WASHINGTON, Jan. 16 — Paradox seems to define I. Lewis Libby Jr., who remains a bit mysterious even to close colleagues. He is the White House policy enforcer who also wrote a literary novel; a buttoned-down Washington lawyer who likes knocking back tequila shots in cowboy bars and hurtling down mountains on skis and bikes; and a 56-year-old intellectual known to all by his childhood nickname, Scooter.
But now comes the most baffling paradox of all, as Mr. Libby, former chief of staff and alter ego to Vice President Dick Cheney, began his trial in federal court here on Tuesday on charges of perjury and obstruction of justice. By all accounts a first-rate legal mind and a hypercautious aide whose discretion frustrated reporters, he is charged with repeatedly lying to a grand jury and to the F.B.I. about his leaks to the news media in the battle over Iraq war intelligence.

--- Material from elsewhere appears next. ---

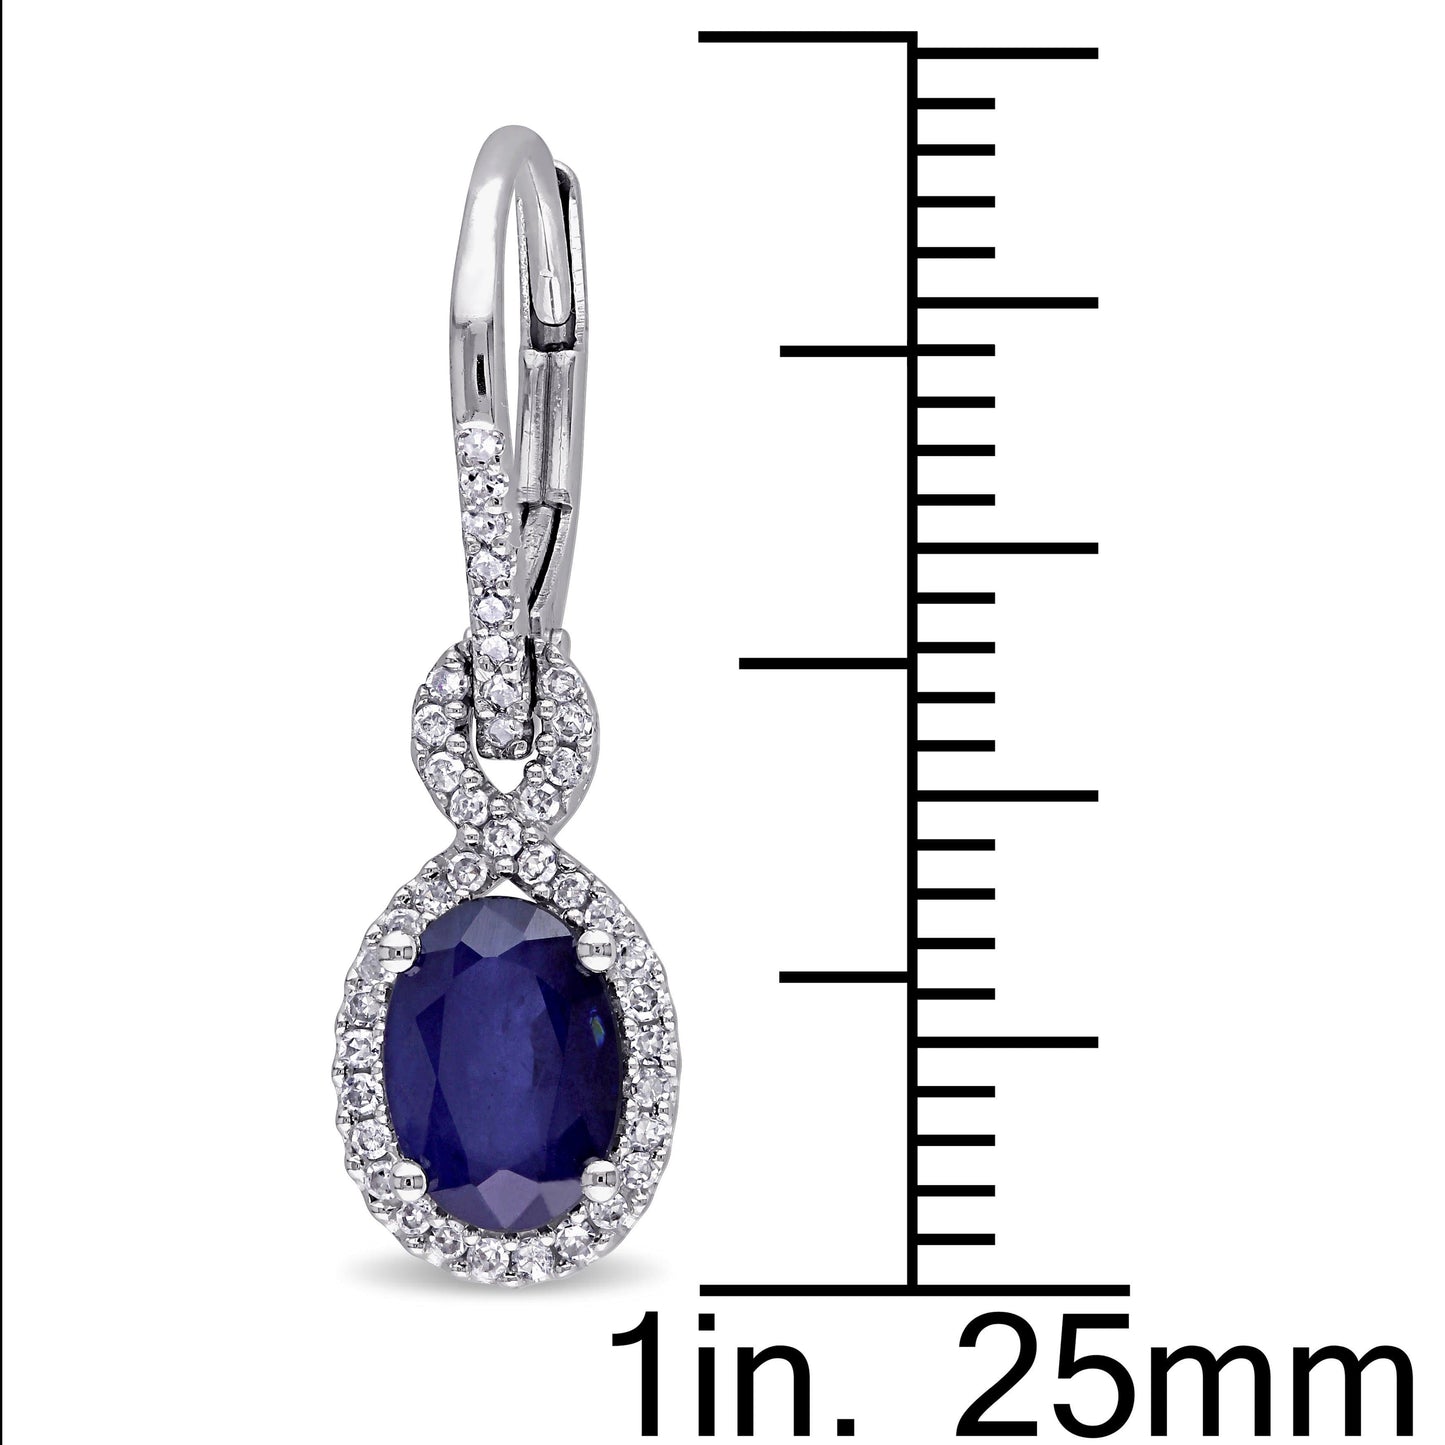 Sophia B Oval Sapphire & Diamond Earrings

“I don’t often use the word ‘incomprehensible,’ but this is incomprehensible to me,” said Dennis Ross, the veteran Middle East troubleshooter who is now at the Washington Institute for Near East Policy. “He’s a lawyer who’s as professional and competent as anyone I know. He’s a friend, and when he says he’s innocent, I believe him. I just can’t account for this case.”
Among Mr. Libby’s friends and former colleagues, the case brought by Patrick J. Fitzgerald, the special prosecutor, is considered not only unjust, but also a terrible irony.